Menuju Kota Bebas Bising

Menuju Kota Bebas Bising

ilustrasi telinga-pixabay-https://jambiindependent.disway.id/

Akibatnya telinga rentan terhadap bahaya gangguan pendengaran akibat bising (trauma akustik). Untuk itu perlu disikapi secara bijak mendengar dengan cara aman dan menyehatkan.

Regulasi Terhadap Kebisingan Kota

Pada 2015 WHO telah mencanangkan program “Make Listening Safe’. Program itu bertujuan mewujudkan masyarakat dunia -dari segala usia- dapat menikmati dan mendengarkan dengan aman tanpa risiko terhadap pendengaran mereka.

Adapun pendekatan yang bisa dilakukan adalah dengan meningkatkan kesadaran tentang kebutuhan akan cara mendengarkan yang aman. Juga menerapkan standar berbasis bukti yang dapat memfasilitasi perubahan perilaku di masyarakat.

Sementara itu, hingga kini Indonesia masih menggunakan KepMenLH Nomor 48/1996 yang menyatakan bahwa bunyi yang dianggap bising adalah di atas 65 dBA.

Padahal standar penerimaan bising melalui penyetaraan energi, menurut konsensus yang direkomendasikan oleh banyak negara, adalah 3dBA. Trading rule yang berarti setiap peningkatan 3dB intensitas pajanan yang diterima, maka waktu pajanan harus dikurangi setengahnya. 

Semenara itu, pasal 15 Undang-Undang Nomor 36/2010 tentang Kesehatan menyebutkan “Pemerintah bertanggung jawab atas ketersediaan lingkungan, tatanan, fasilitas kesehatan baik fisik maupun sosial bagi masyarakat untuk mencapai derajat kesehatan yang setinggi-tingginya”.

Dr. Yan Edwin Bunde, Sp.THT KL dalam buku “Telingaku Masa Depanku” menyatakan bahwa semestinya, tanggung jawab ini juga termasuk melindungi masyarakat dari dampak buruk kebisingan kota. 

Lebih lanjut, dr Yan menyatakan, pemerintah Indonesia harus benar-benar mengimplementasikan sekaligus mengawasi serta menegakkan peraturan-peraturan terkait yang sudah ada beserta konsekuensinya tanpa pandang bulu.

Program nasional untuk mencegah gangguan ketulian akibat bising harus dicanangkan. Dilaksanakan secara terpadu. Penuh tanggung jawab, berkesinambungan, dan merata di seluruh pelosok negeri.

Pelayanan kesehatan primer harus memasukkan permasalahan bising ini ke dalam aspek pelayanannya. Tak hanya itu, pendidikan di sekolah juga perlu mengajarkan tentang bahaya bising pada anak didiknya.

Dan tentu, alat-alat transportasi atau kendaraan harus diukur tingkat kebisingan yang ditimbulkannya. Untuk melakukan itu semua tentunya ini sangat perlu melibatkan para pakar akustik dan ahli kesehatan masyarakat.

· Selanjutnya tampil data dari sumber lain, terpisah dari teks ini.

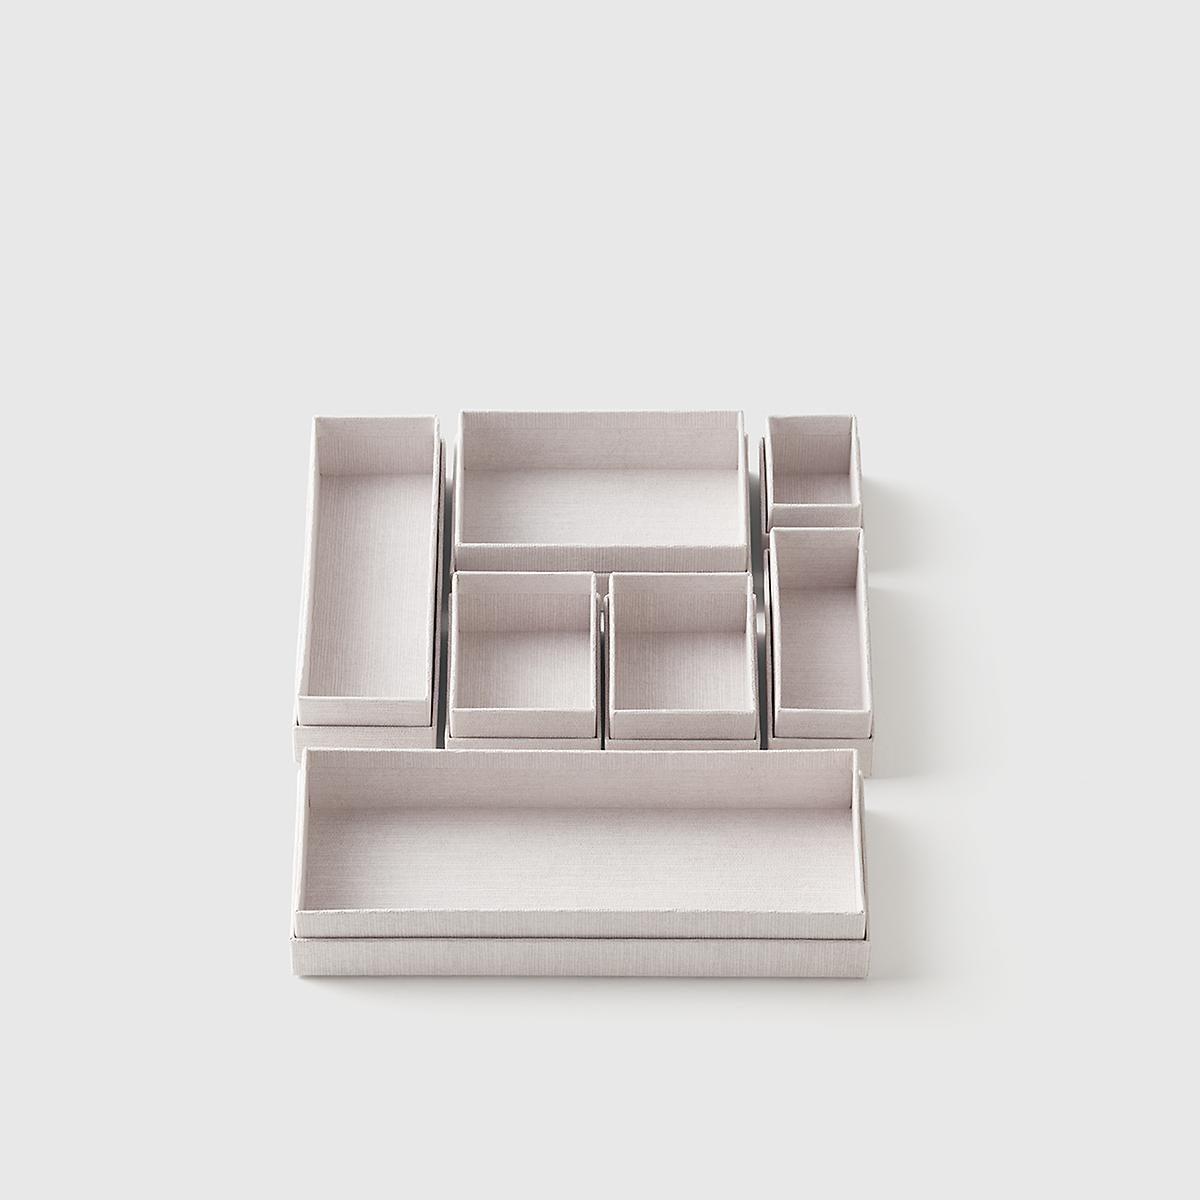 Marie Kondo Calm Hikidashi Small Organizer Boxes Pkg/14

Masyarakat benar-benar membutuhkan regulasi yang nyata dan berpihak pada kesehatan mereka. Seperti misalnya memberikan perlindungan bagi masyarakat terhadap bising di ruang publik.

Namun tidak lupa diperlukan pula partisipasi aktif dari setiap anggota masyarakat untuk menyadari bahaya bising dan mengupayakan untuk mengendalikan kebisingan semaksimal mungkin. 

Namun masyarakat banyak belum paham dengan bahaya bising ini. Prediksi ke depan apa jadinya generasi penerus kita bila tidak serius dalam menanggulangi  bahaya bising ini.